A man who complains of “character assassination” but embellishes in what may be called “constitution assassination,” the true motif of the Coalition tenure in office. His heightened embrace of CARICOM as a most “legitimate interlocutor” on the elections is a ploy to stall a formal concession of electoral loss.
He ought to be cognisant of CARICOM’s statements on the record and their subsequent witness to the bona fides of the recount. Said another way, CARICOM’s report cannot now be dispositive.

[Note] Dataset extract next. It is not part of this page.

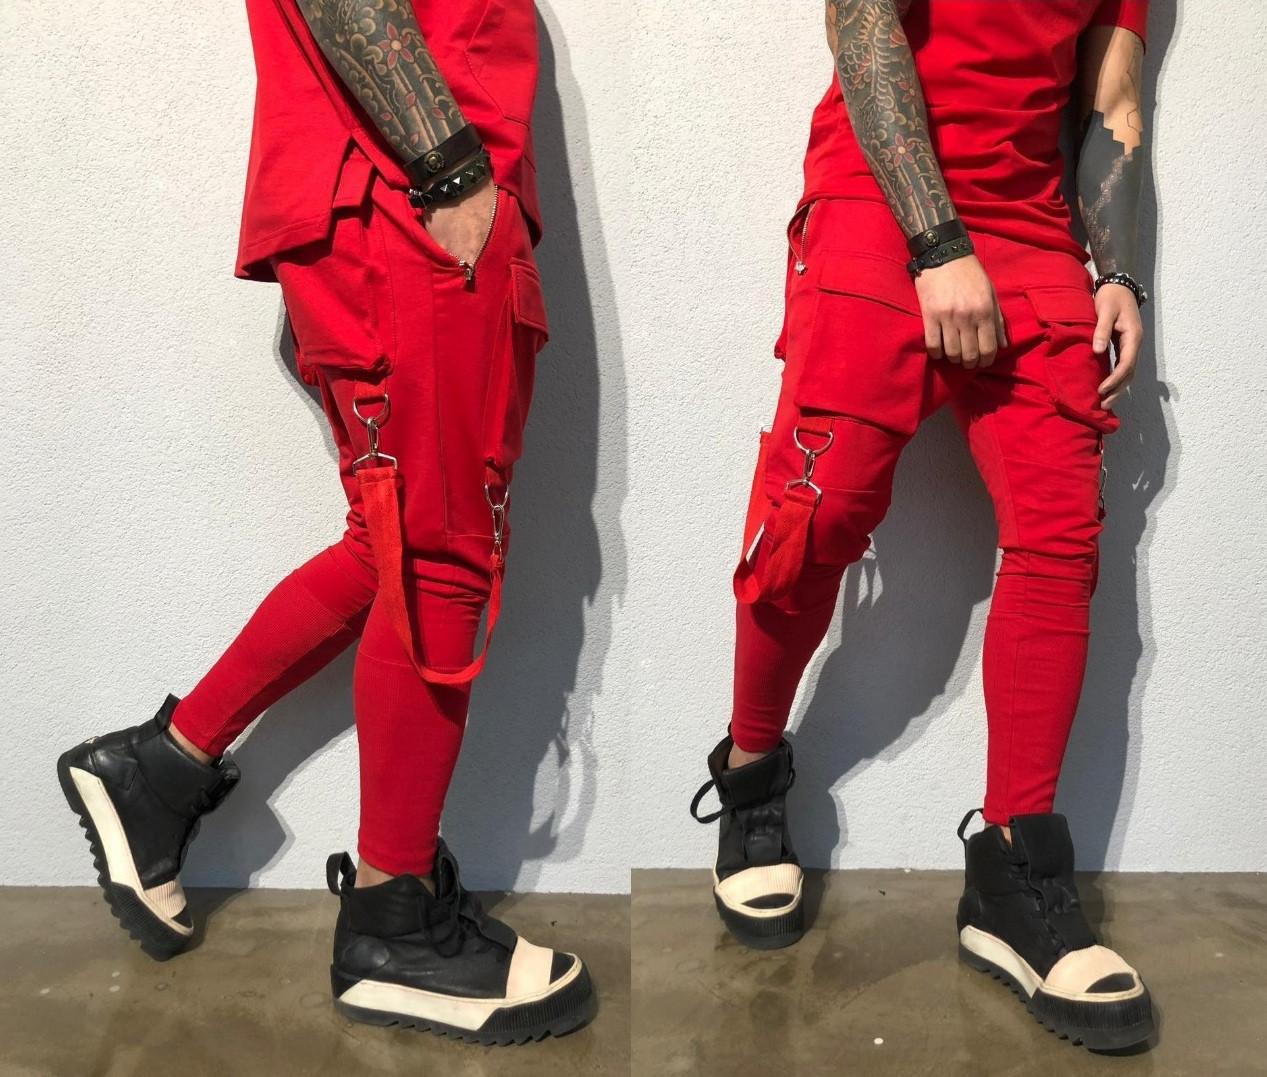 51690f62 Модные мужские спортивные штаны с карманами. Красные, 3 цвета ...

Moreover, Mr. Granger has more than what he needs to concede defeat and end having the security of the republic in a vulnerable state. He needs no CARICOM report to do that. In contrast, he has already shown, in December 2018, that he was terrified by that profound word “defeat,” as it appeared in Article 6.
A CARICOM report which is likely to include that very word, or shades of its usual incandescent terror, is therefore a waste of time, which is always of the essence following a “defeat” of government pursuant to a (no) confidence vote.
Emphasis on this report is reason to see that CARICOM is being used as a means to an end, with the report itself likely to be rejected by Congress Place.
Further, this talk of CARICOM being a most “legitimate interlocutor” of the elections is arguably an inverse use of the phrase borrowed by Mr. Granger to create space from which he may try to impress upon the transformational leadership of that regional body’s current Chair to provide for another Mustique.
To this extent, CARICOM is being used as PNC propaganda to help distract from, and stall, Mr. Granger’s concession of defeat, just as Mr. Granger invented “GECOM’s readiness” to distract from calling a timely election pursuant to Article 106 (7).
Every time Mr. Granger tells people to wait, they fall quickly in line, regardless of what the Constitution says. Now, as Guyana waits again, Mr. Granger is busy making his preparation to set the elections aside based on unfounded claims of “massive” irregularities, including at least 41 dead souls who, with all fingers intact, rose up Lazarus-like and voted.
Electors should not be misguided; they should instead celebrate their right to prepare for a declaration and a lawful transition from a de facto to an elected Government. It is theirs to enjoy; this is part of their voting rights.